Same as full backup frequency

Backing Up the FIM CM Service

Before you proceed, you must have access to the six FIM CM agents. These agents are user accounts in Active Directory Domain Services (AD DS). You must know the user account names and passwords. If you allowed the FIM CM Configuration Wizard to set these accounts using the default account names and location, you can find them in the default Users container in the domain in which FIM was installed. The default user account names are:

  • FIM CM agent – clmAgent

  • FIM CM key recovery agent – clmKRAgent

  • FIM CM authorization agent – clmAuthAgent

  • FIM CM certification authority (CA) manager agent – clmCAMngr

  • FIM CM Web pool agent – clmWebPool

  • FIM CM enrollment agent – clmEnrollAgent

You need to provide the passwords for these accounts during the restoration process. If you used the default settings in the Certificate Management Configuration Wizard, you should reset the account passwords to a known value before you start the backup process. For specific steps, see Reset a User Password (

In addition, three FIM CM agent accounts that require certificates—FIM CM agent, key recovery agent, and enrollment agent—must have exportable keys in their certificates if the keys are stored locally on the FIM CM server. If you are using a Hardware Security Module (HSM) for agent keys, the keys are stored on the HSM, but the certificates must still be exported as part of the backup process. HSM keys must be backed up from the HSM by using the HSM vendor’s tools.

To ensure your ability to properly preserve and restore your FIM environment, you must back up the following items:

  1. SQL Server database, which is called FIMCertificateManagement by default.

  2. Certificates, specifically:

    1. FIM CM agent’s user certificate with its private key

    2. FIM CM key recovery agent’s recovery agent certificate with its private key

    3. FIM CM enrollment agent’s enrollment agent certificate with its private key

  3. Microsoft .NET application configuration files, which are located under the Program Files\Microsoft Forefront Identity Manager\2010\Certificate Management folder path, as:

    1. \web\Web.config

    2. \Bin\Microsoft.CLM.service.exe.config

    3. \Bin\Microsoft.Clm.Config.exe.config

    4. \Bin\ClmUtil.exe.config

Restoring the FIM CM Service

You should restore backups to a test computer in the same domain as your production computers regularly to ensure that your backup process and media are functioning properly. After you restore FIM 2010, ensure that the request objects that completed before the backup are in their correct state. Also, ensure that the FIM CM service starts and functions properly. Whether you are testing your backups or restoring after an actual failure, you can use the following procedure to restore the FIM CM Service.

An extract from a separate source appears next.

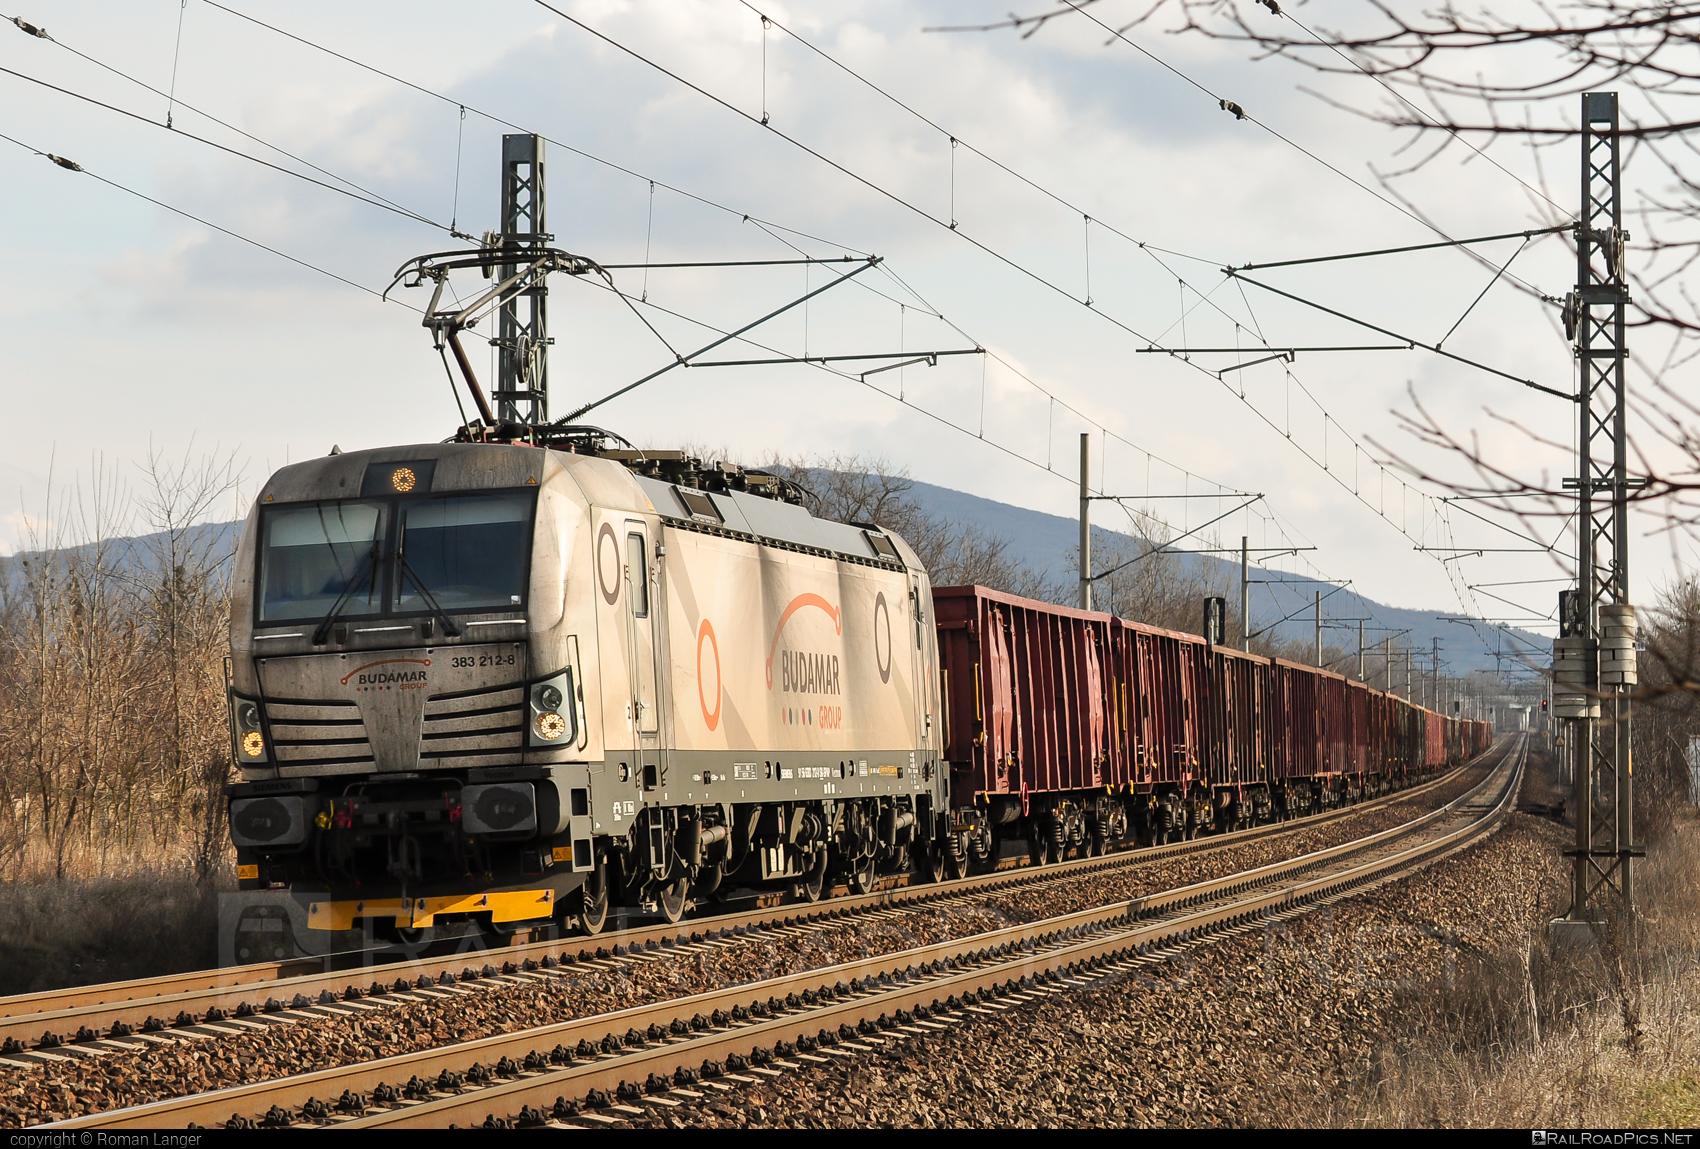 Siemens Vectron MS - 383 212-8 operated by LOKORAIL, a.s. #budamar #lokorail #lrl #siemens #siemensvectron #siemensvectronms #slovenskaplavbaapristavy #slovenskaplavbaapristavyas #spap #vectron #vectronms
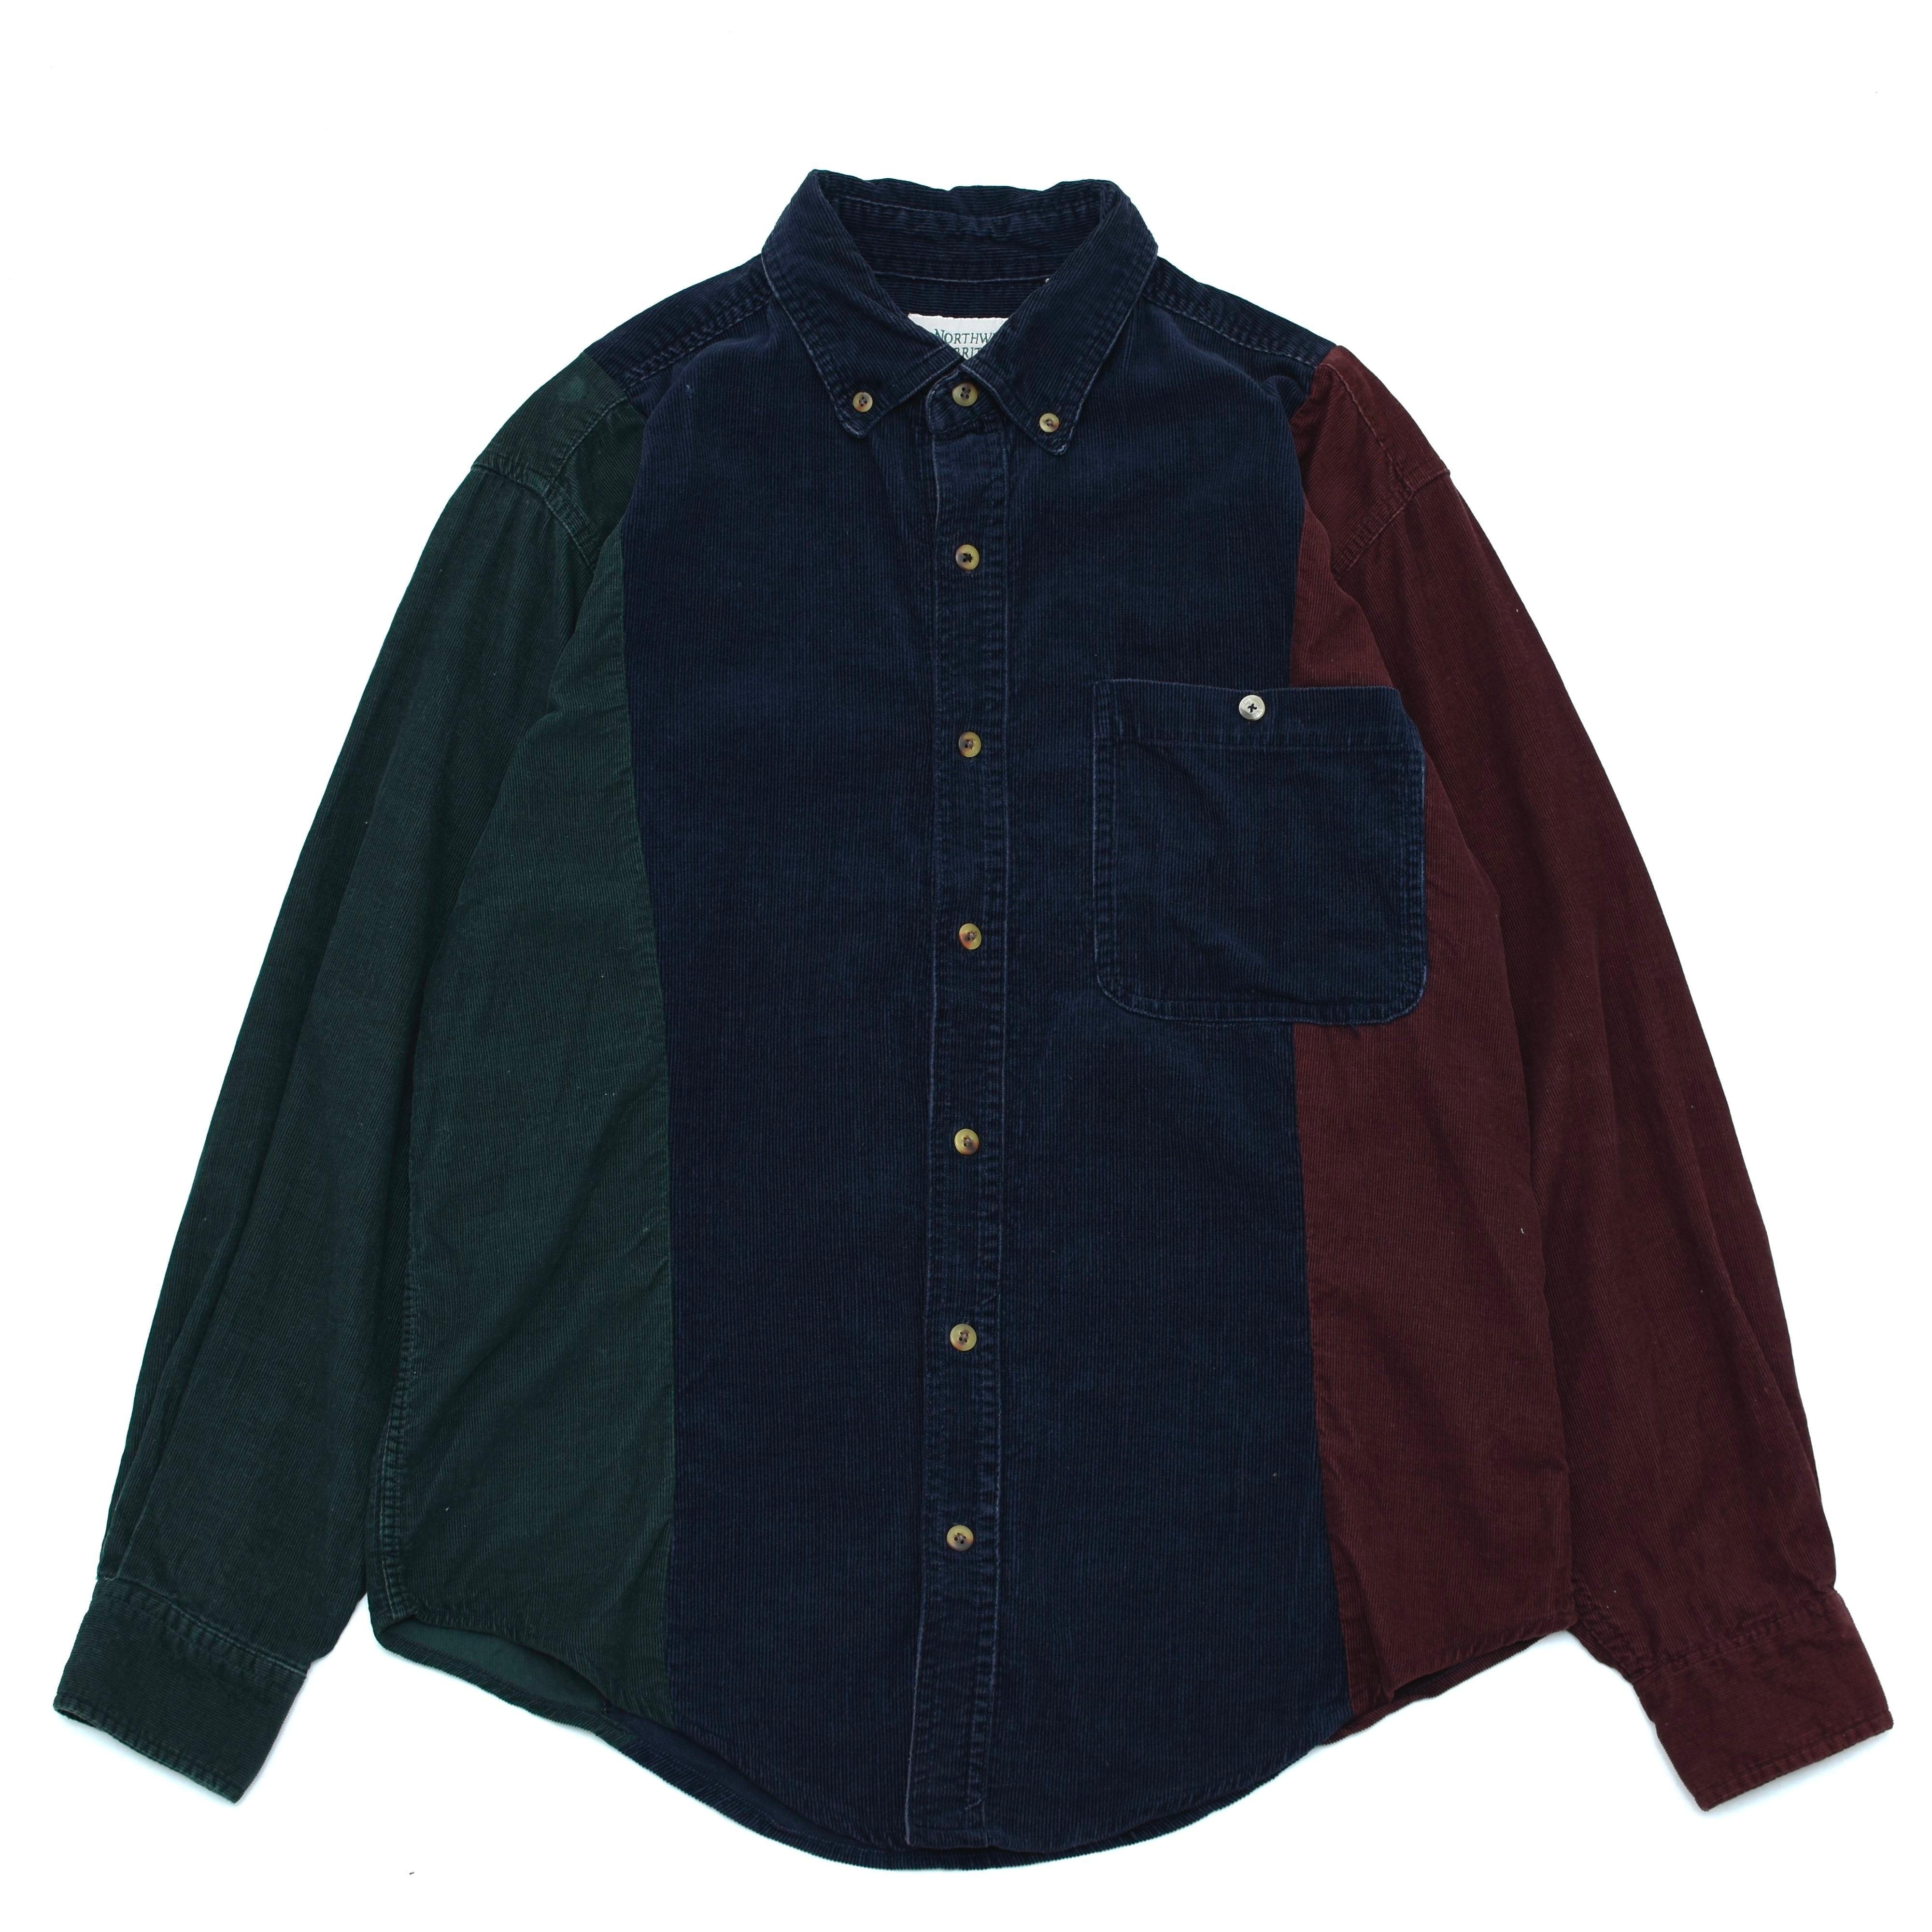 Northwest territoiy crazy corduroy shirt

To restore the FIM CM Service

  1. Install the FIM CM Service on the computer to host the Certificate Management Service, if necessary.

  2. To open the Certificate Management Config Wizard, click Start. Type Certificate Management Config Wizard, and then click the Certificate Management Config Wizard program link when it appears in the Start menu.

    1. On the Configuration Wizard, click Next.

    2. On the CA Configuration page, ensure that Certification Authority has the name of the computer acting as the FIM CA. If it does not, click Browse, and in the Select Certification Authority dialog box, click the appropriate computer name, and then click OK. Click Next.

    3. On the Set up the SQL Server Database page, in Name of SQL Server, type the name of the server running SQL server hosting the FIM CM Service database. If you want to use a different account to create the SQL database, enter those credentials (user account name and password). Otherwise, ensure that Use my credentials to create the database is selected. Click Next.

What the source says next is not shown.